North, North, North tells the epic true tale of an unsuccessful attempt to reach the Arctic by hydrogen balloon in 1897.
We hear early on that the three Swedish explorers die in the attempt, and knowing this makes the following scenes more poignant, as the characters make their futile decisions.
This is hardly a tragic tale though; the production extracts as much humour as possible from the relationships between the crew, some highlights being calisthenics on the ice and a superb scene with a leaf blower.
The cast connect with their audience from the outset, offering coffee and live music as we enter. The show starts as a lecture on the expedition, animated by projections and some breath-taking moments as the characters climb to investigate dripping sounds from above the balloon.
The second and third parts become much more theatrical, as we see the explorers' challenges on the ice.

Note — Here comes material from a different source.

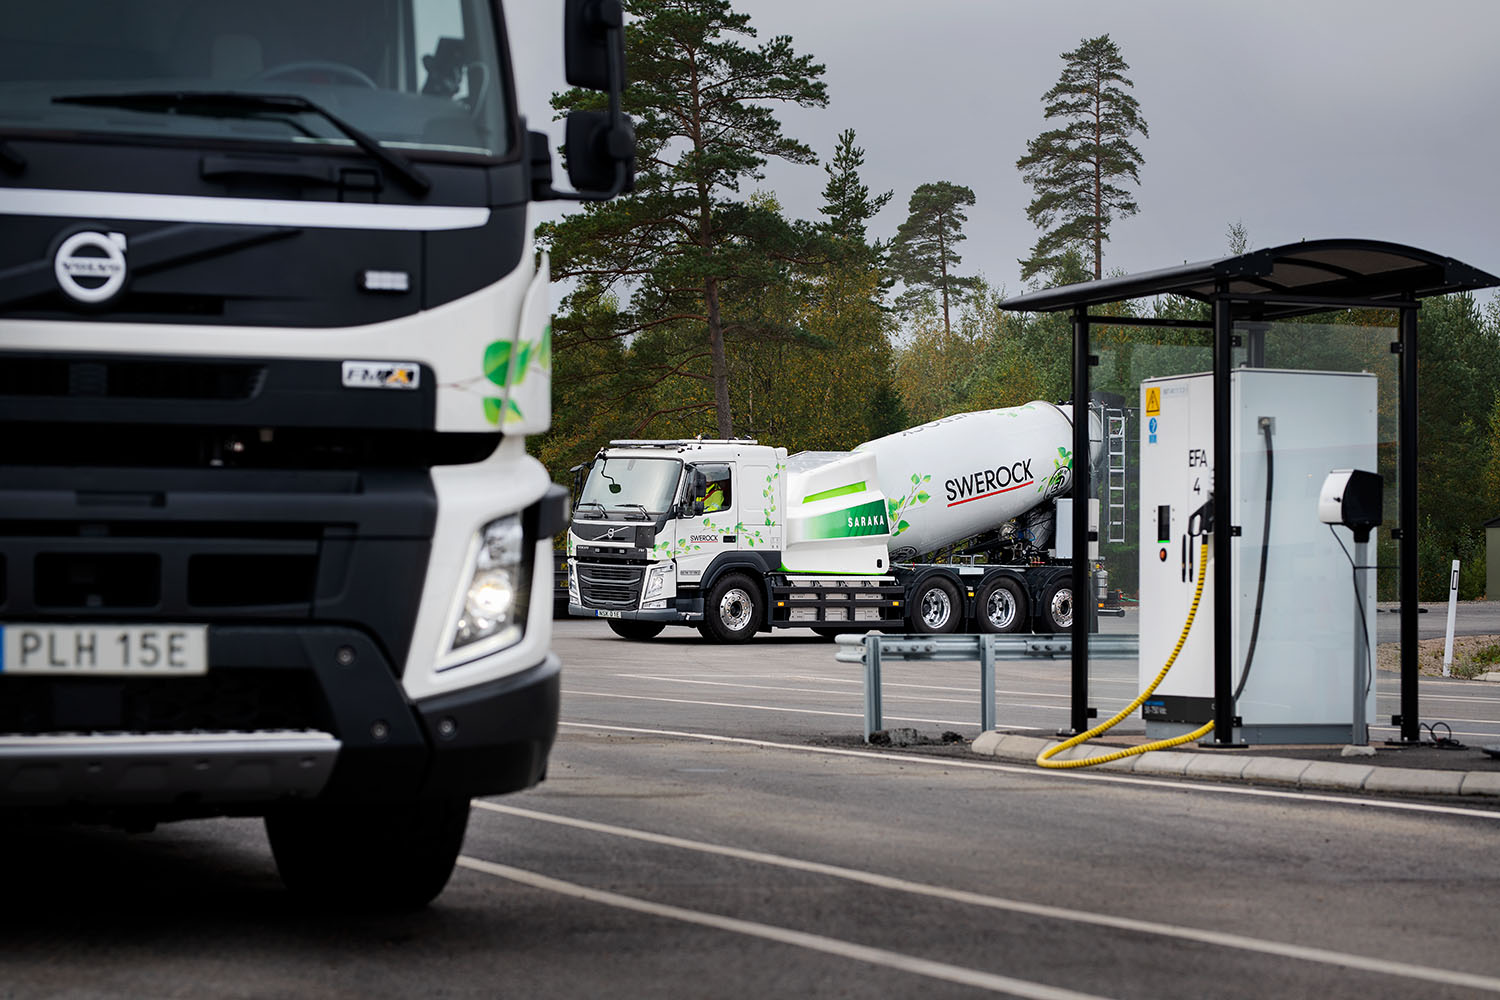 Elektryczne Volvo FM będzie dostarczać beton klientom Swerock na obszarach miejskich.

The set, too, is more dynamic in parts two and three, with the projection of photographs from the trip adding a chilling dimension, showing how dwarfed by the environment these men were, and how hopeless their situation.
All parts are played with a captivating lightness of touch. Martin Bonger, playing expedition leader S.A. Andrée, confidently carries the show, having most of the dialogue and action, and Margit Szlavik and Elisabet Topp, transformed into big gruff male explorers by virtue of wonderfully over-the-top false moustaches, complete the seamless ensemble. These worked well and could have benefited from further development.
There's an odd moment when a crew member is unmasked as a female actor, which doesn't help tell the story, but for the most part this was an enchanting evening.